INSTRUCTIONS FOR THE TASK -
Write out exactly the lines running from the one with "Liebenswert Stehlampe Mit" to the end of the data, including both of those lines and excluding pictures.

INPUT DATA -
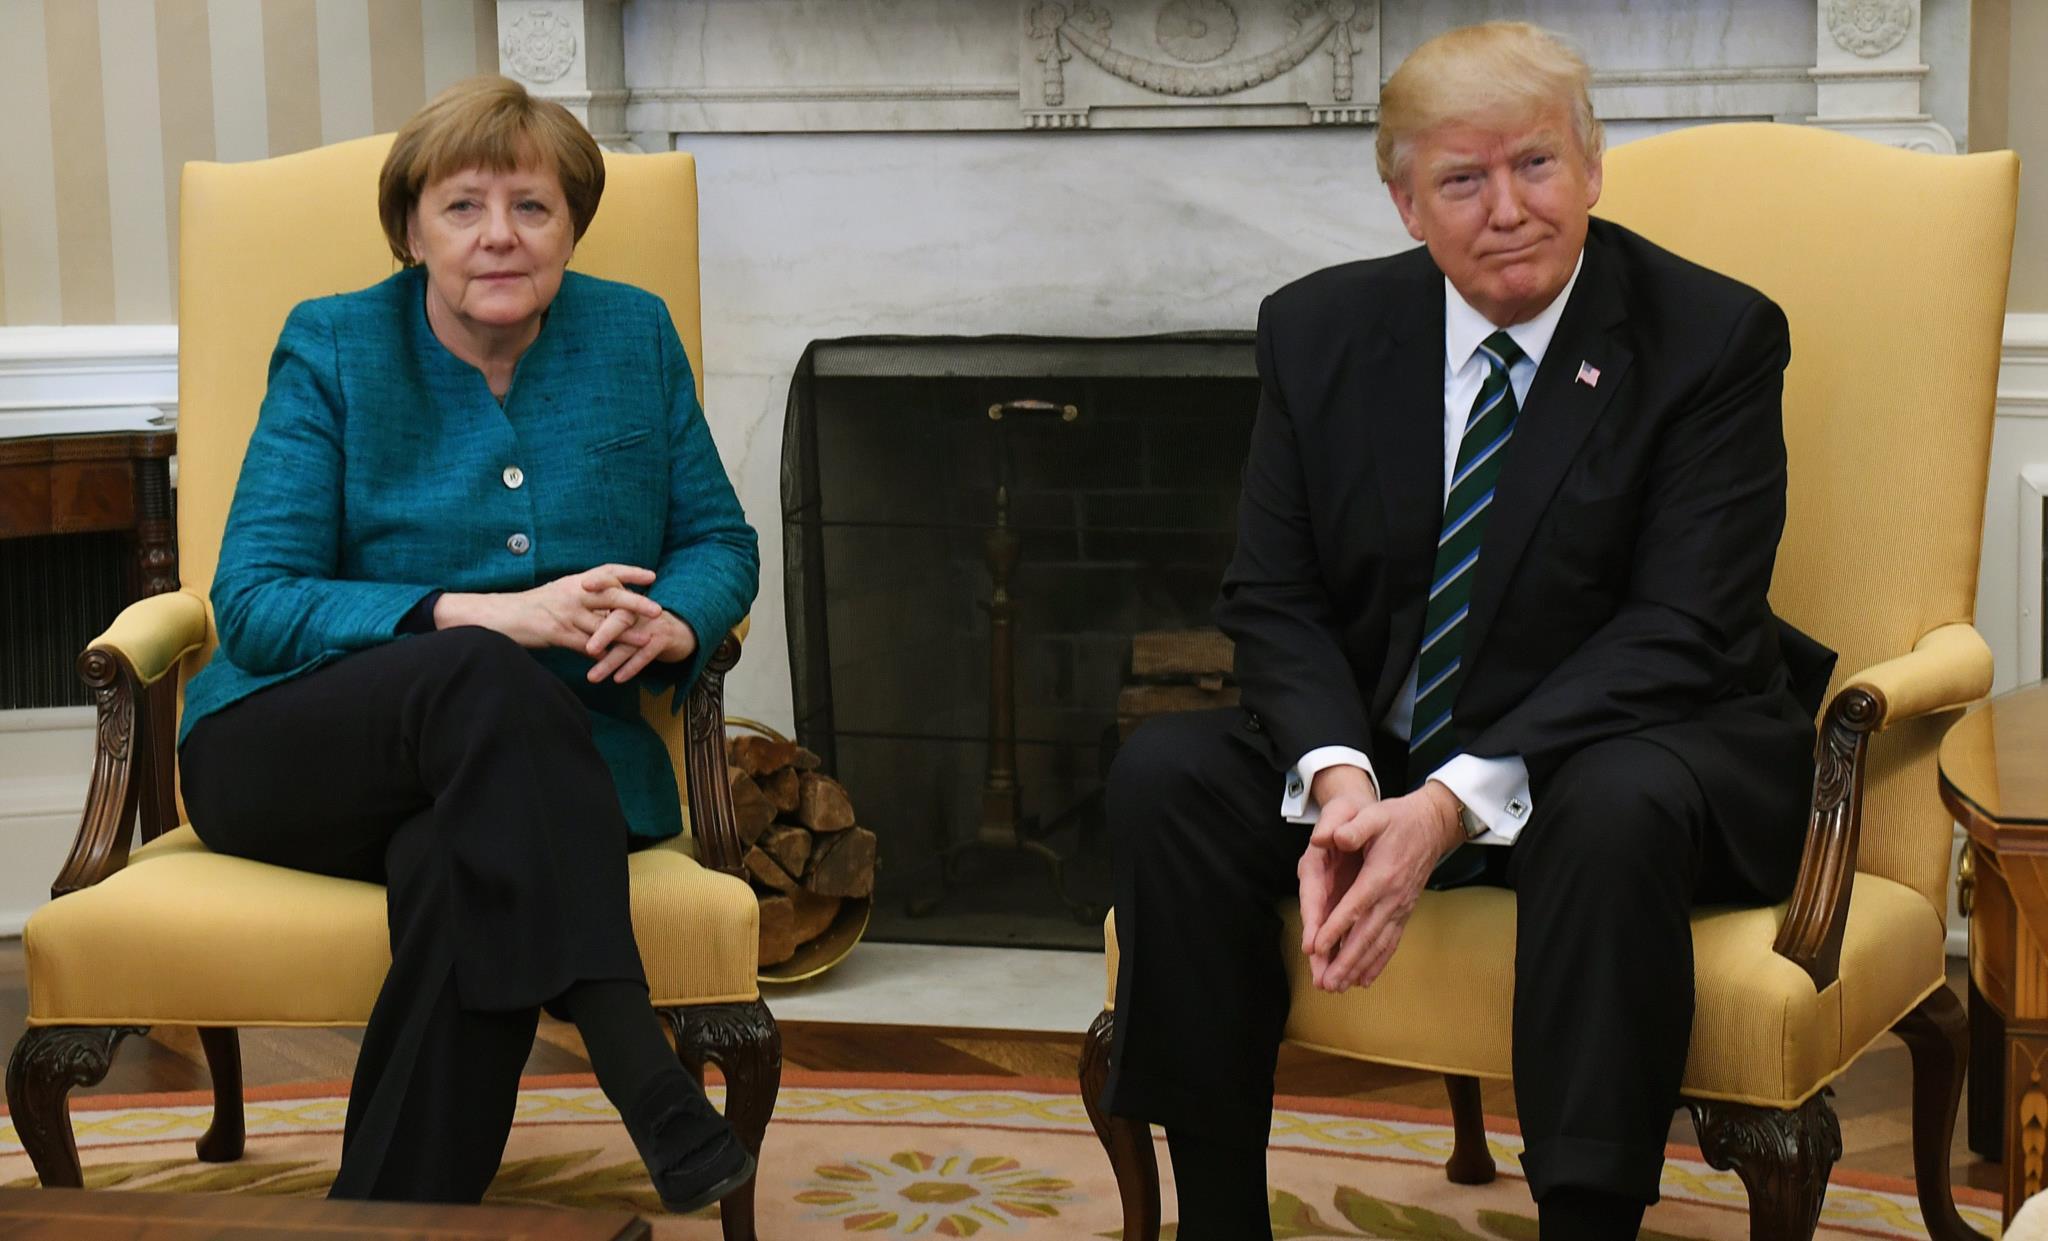 O embaraçoso momento em que, perante a insistência dos jornalistas e a disponibilidade de Angela Merkel, Donald Trump recusou um aperto de mão.
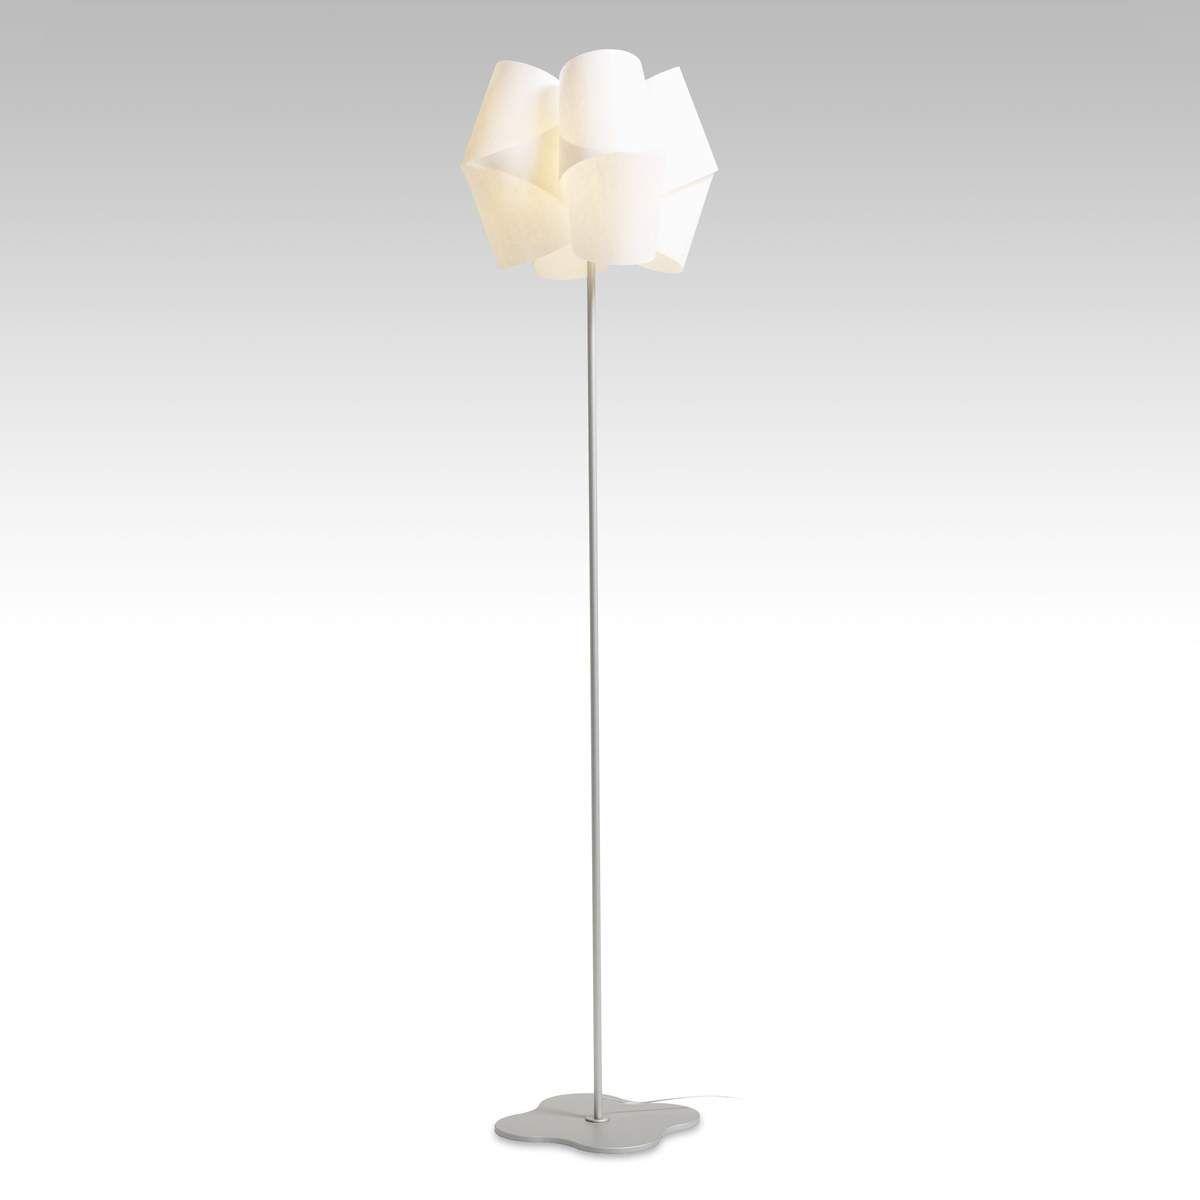 Liebenswert Stehlampe Mit Schirm Dekoration Von Mehreren Schirmen | Brauner | Stehleuchte Retro
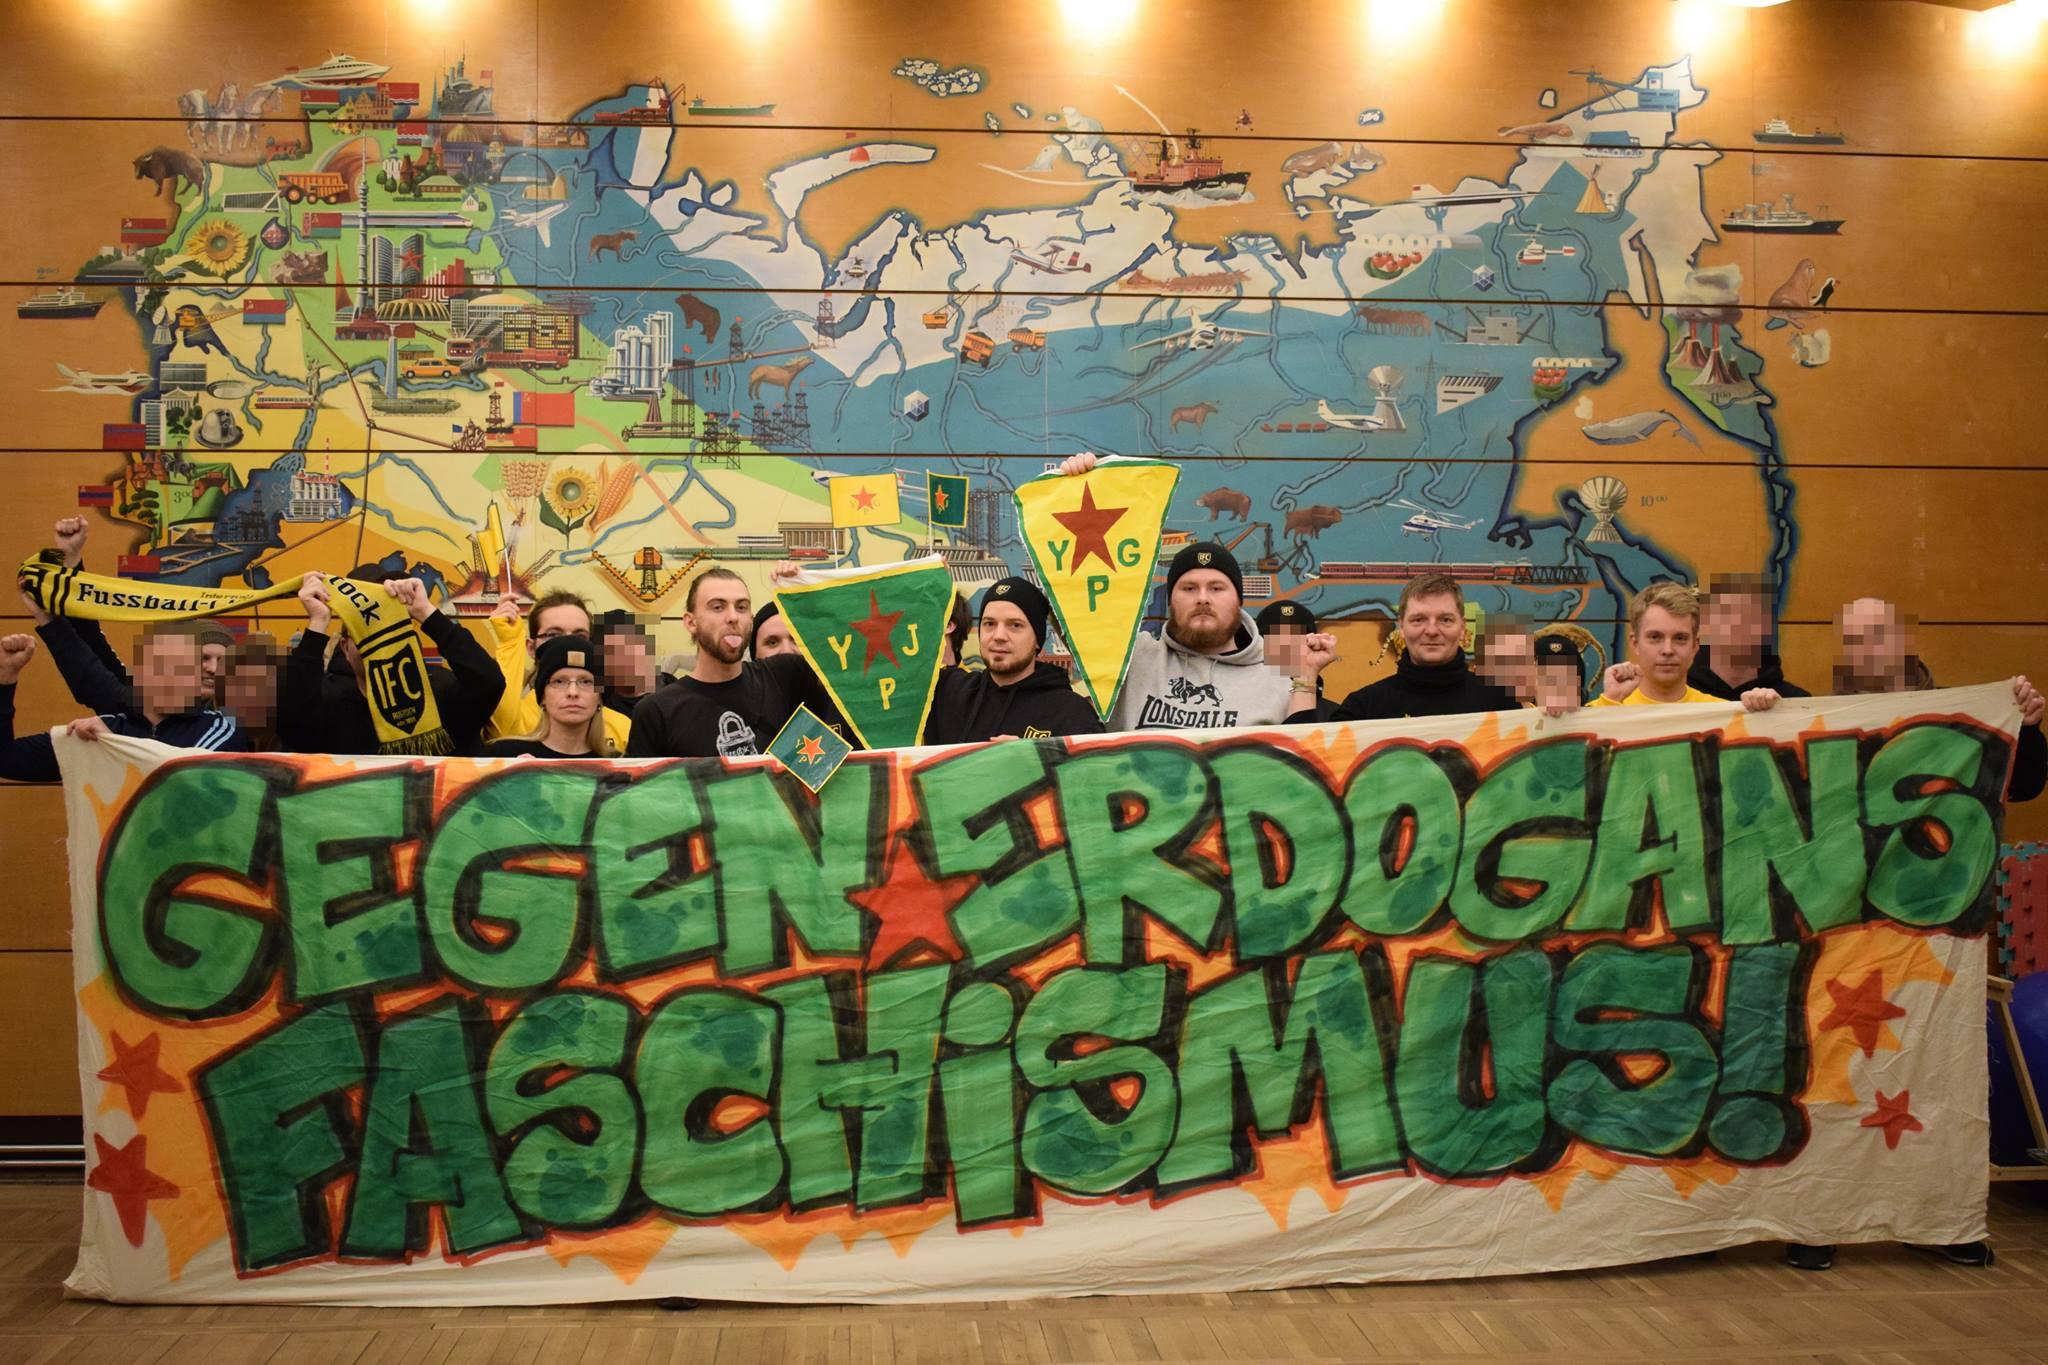 Antifaschistische YPG-Solidarität: Fußballclub im Visier des Staatsschutzes

ANSWER TO THIS EXERCISE -
 Liebenswert Stehlampe Mit Schirm Dekoration Von Mehreren Schirmen | Brauner | Stehleuchte Retro
 Antifaschistische YPG-Solidarität: Fußballclub im Visier des Staatsschutzes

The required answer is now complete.